Coral Tree flowers

Coral Tree

Common name Cockspur Coral Tree
Botanical name Erythrina crista-galli
Family Fabaceae
Natural range South America
Mature height to 8m
Form Broad, dense crown
Likes Spreading outside of its range
Dislikes Over-watering
Where to plant Warmer climates
Known for Attractive flowers

Casting a mesmerizing spell with their vibrant presence, Coral Trees, or Cockspur Coral Trees as they’re commonly known, and Erythrina crista-galli in botanical terms, are an aesthetic addition to gardens and landscapes. With their origins tracing back to South America, these members of the Fabaceae family grow magnificently under the sun and reach a mature height of about 8 meters, displaying a dense, broad crown.

What’s the Connection with Australia?

Interestingly, the appeal of these trees extends well beyond their native heritage and distinctive looks. They strike a note of familiarity with Australians, as they bear a striking resemblance to the much-admired Flame Tree, or the Erythrina x sykesii. This sibling species is easily recognizable with its thorny appearance and bright red blooms. Discover more about the Flame Tree here.

Decoding the Red-Hued Mystery of Coral Tree Blooms

The colour red often represents passion, and Coral Trees symbolize this beautifully with their striking, scarlet flowers.
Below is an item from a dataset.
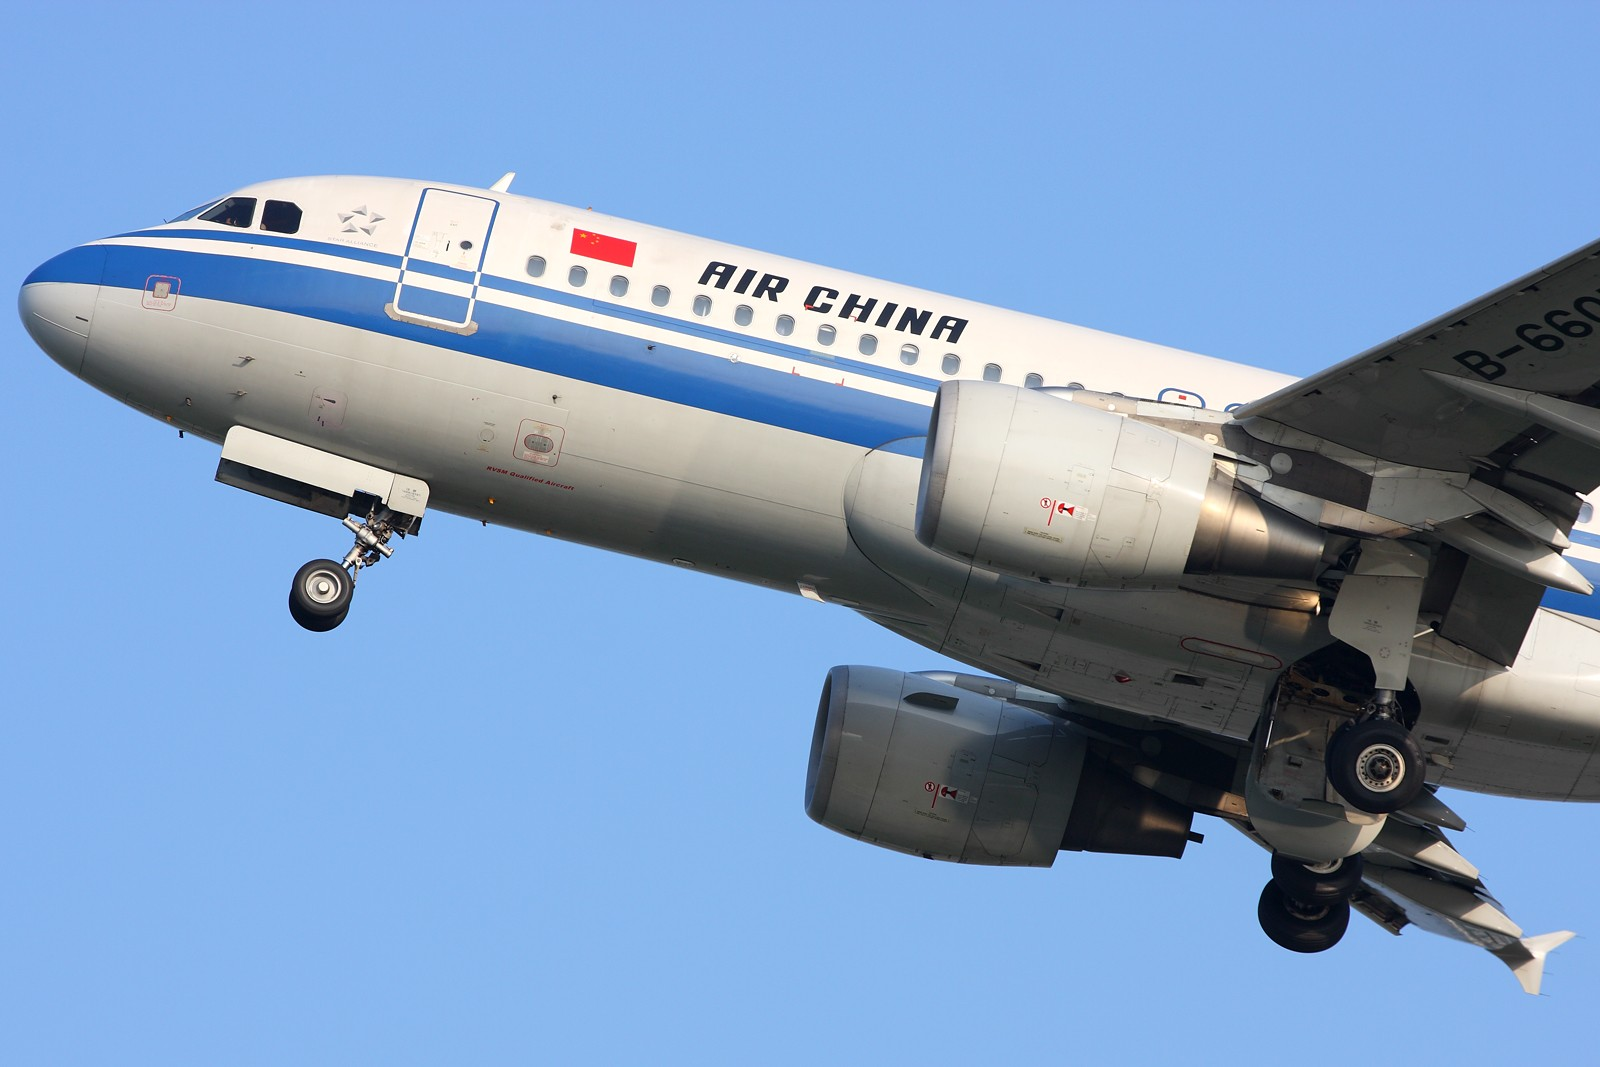 Re:[原创]【深圳飞友会】5张空中大头特写,再加4张是第一场尝试拍摄(引擎与轮组的大特写)继续1600×1067大图呈上望带来视觉冲击效果。 BOEING 737-700 B-5256 中国广州白云机场

This fiery hue has granted them their common name. Some even compare the vivid shade and shape of the flowers to a rooster’s wattles and leg spurs.

One remarkable fact is that the Coral Tree family, with approximately 112 species spread across the globe, features many members sharing this signature trait. This proliferation of radiant red blooms creates a breathtaking visual spectacle, enhancing the appeal of Coral Trees in gardens.

The Arborist’s Tool: Pollarding

A well-practiced tradition in arboriculture is pollarding, a unique technique of pruning that ensures the aesthetic upkeep and health of trees like the Coral Tree. Pollarding involves cutting back a tree’s annual growth to the same point every year, effectively preventing the tree from outgrowing its space.

The Art and Science of Pollarding: A Personal Story

My journey into the art of pollarding started in my early days as an apprentice arborist. I remember a Cockspur Coral tree that underwent pollarding in the yard of an Italian widow. The tree experienced annual pruning sessions, made even more delightful by the sweet allure of Italian donuts. This tradition not only enriched our learning but also helped maintain the beauty of her garden throughout the year. Read more about the art of pollarding here.

Why Prune Coral Trees?

Pruning serves a dual purpose for Coral Trees. It not only regulates the size but also paves the way for an annual display of vibrant red flowers. This tree adapts remarkably well to pollarding, and the yearly trim stimulates flowering, promising an awe-inspiring floral exhibition each year.

Beware of the Invasive Nature

However, we should remember to monitor its invasive nature. As with many introduced species, the Coral Tree can exhibit ‘weedy’ tendencies in suitable conditions. Despite their beauty, the floating flowers of Coral Trees have unfortunately earned them the label of an invasive weed along waterways. So, while we relish the grandeur of these trees in our gardens, we must also keep a close watch on their spread.

Coral Trees: A Gardener’s Delight with Caution

In essence, the Cockspur Coral Tree, with its alluring flowers and majestic crown, is a delightful spectacle. By comprehending and employing techniques such as pollarding, we can ensure its allure remains intact, its growth stays manageable, and it continues to be a valued feature in our gardens. As we embrace our love for gardening, it’s equally crucial to respect nature’s balance and the inherent tendencies of these magnificent trees.